(Data extract Opens)

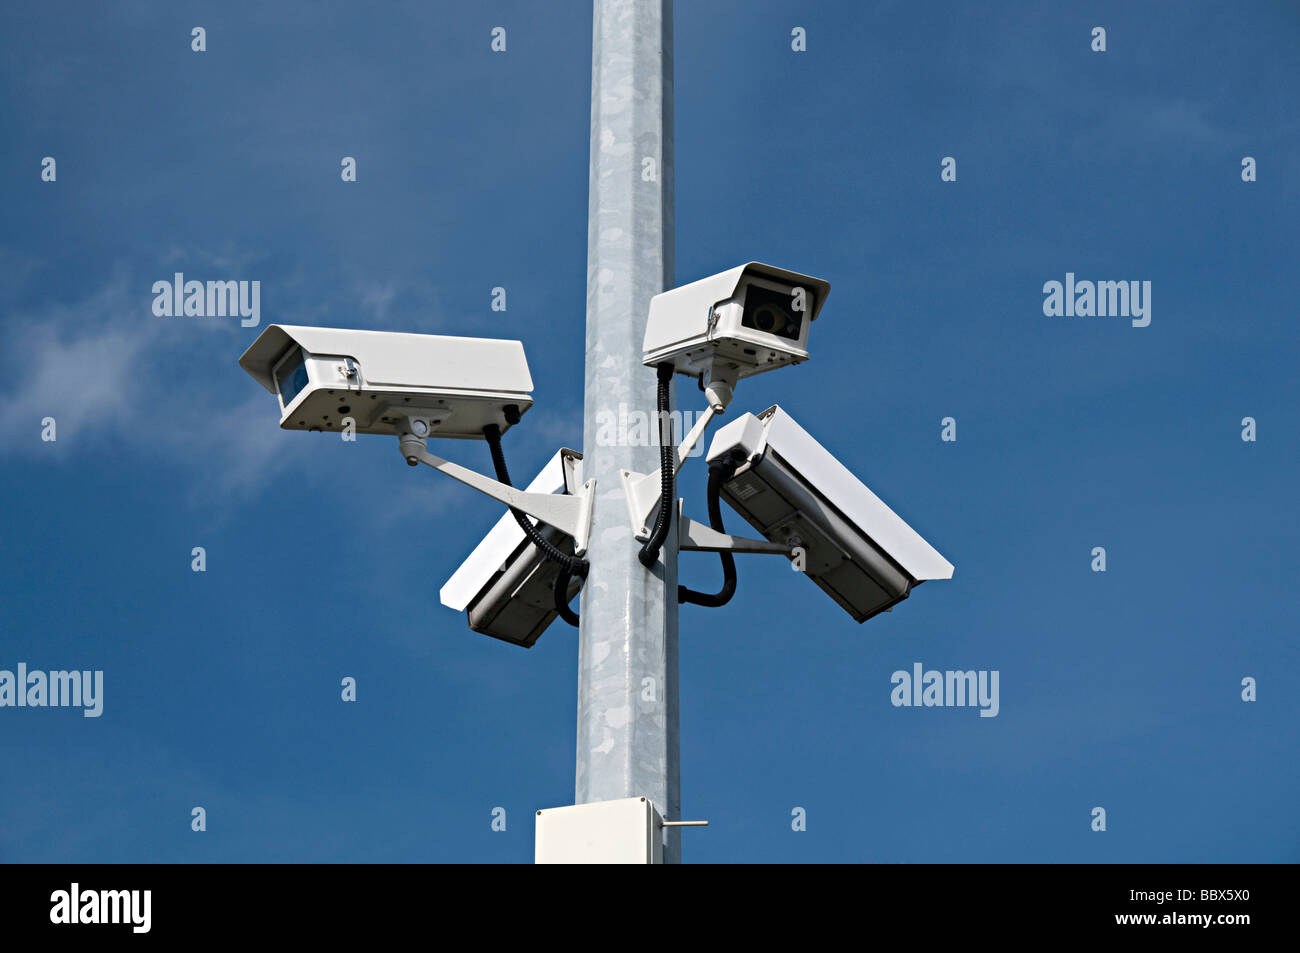 cctv security camera in a car park in the uk Stock Photo
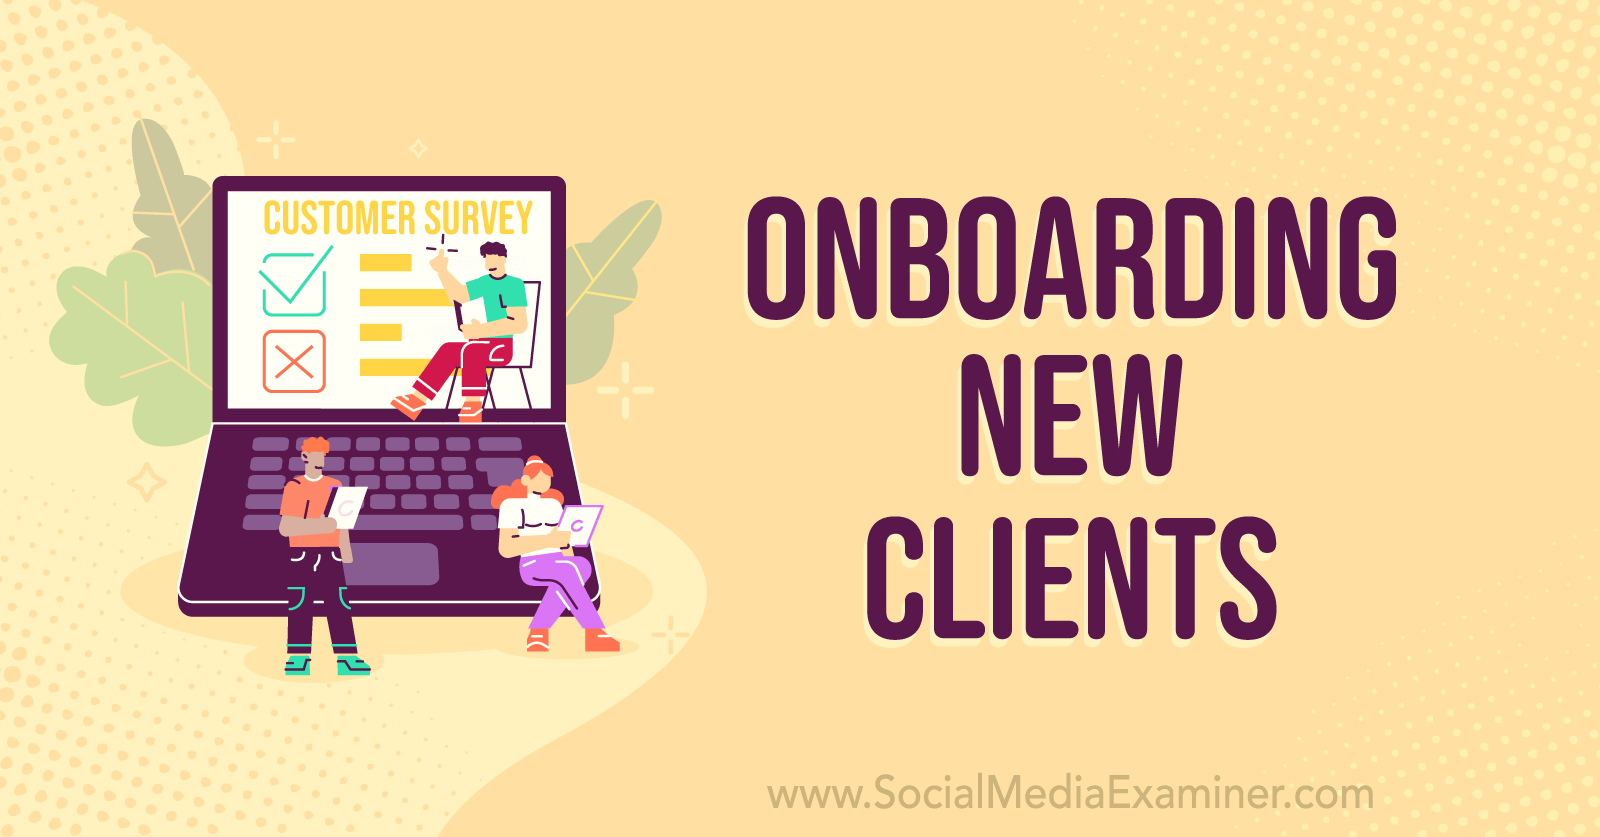 Onboarding New Clients by Social Media Examiner
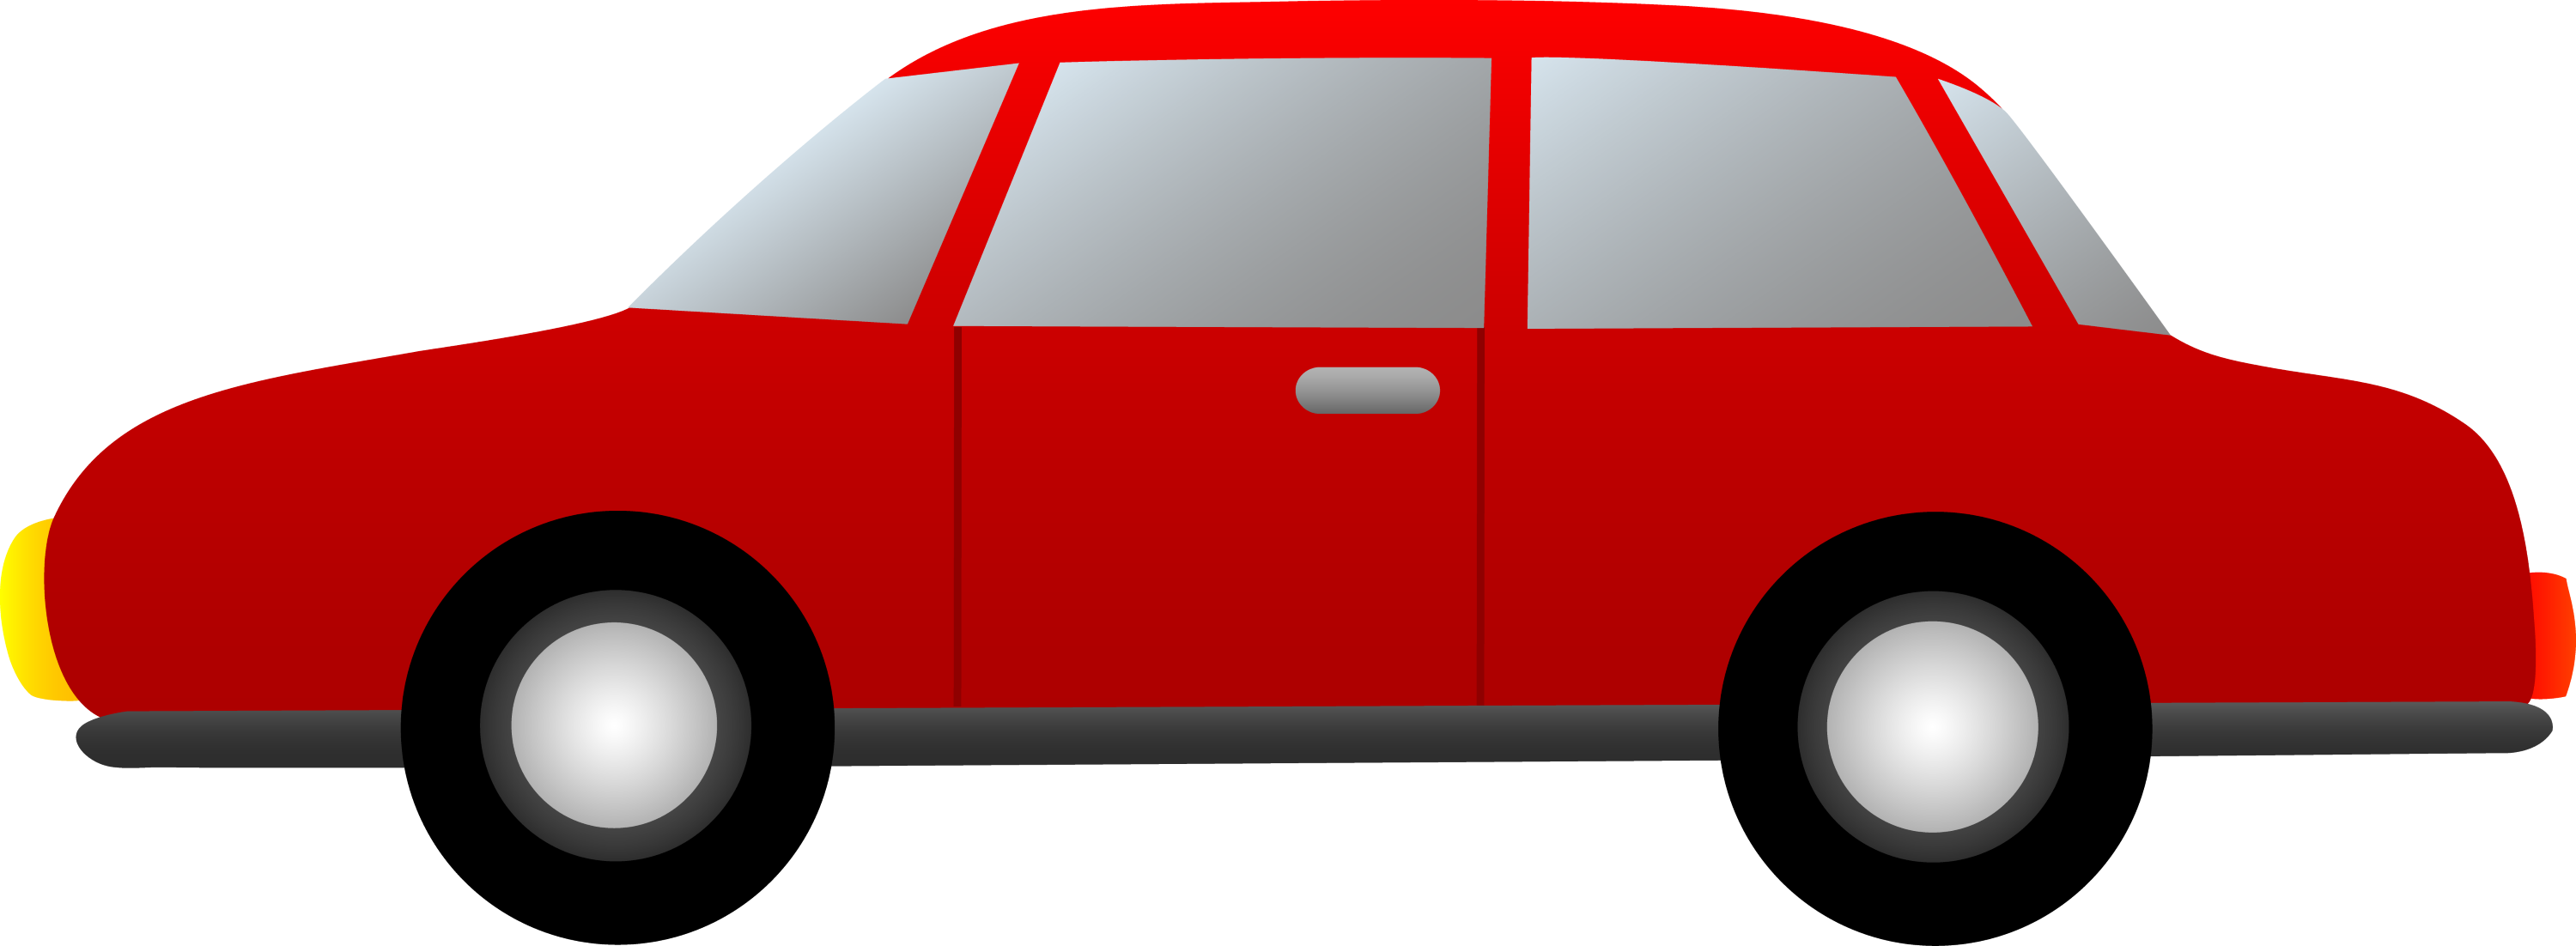 free red car clipart - photo #13

(Data extract Closes)

- **Task to complete**
Only the lines from the one with "Onboarding New Clients" through the last line above belong in the answer. Reproduce them exactly, without the pictures.

- **Response to this exercise**
 Onboarding New Clients by Social Media Examiner
 free red car clipart - photo #13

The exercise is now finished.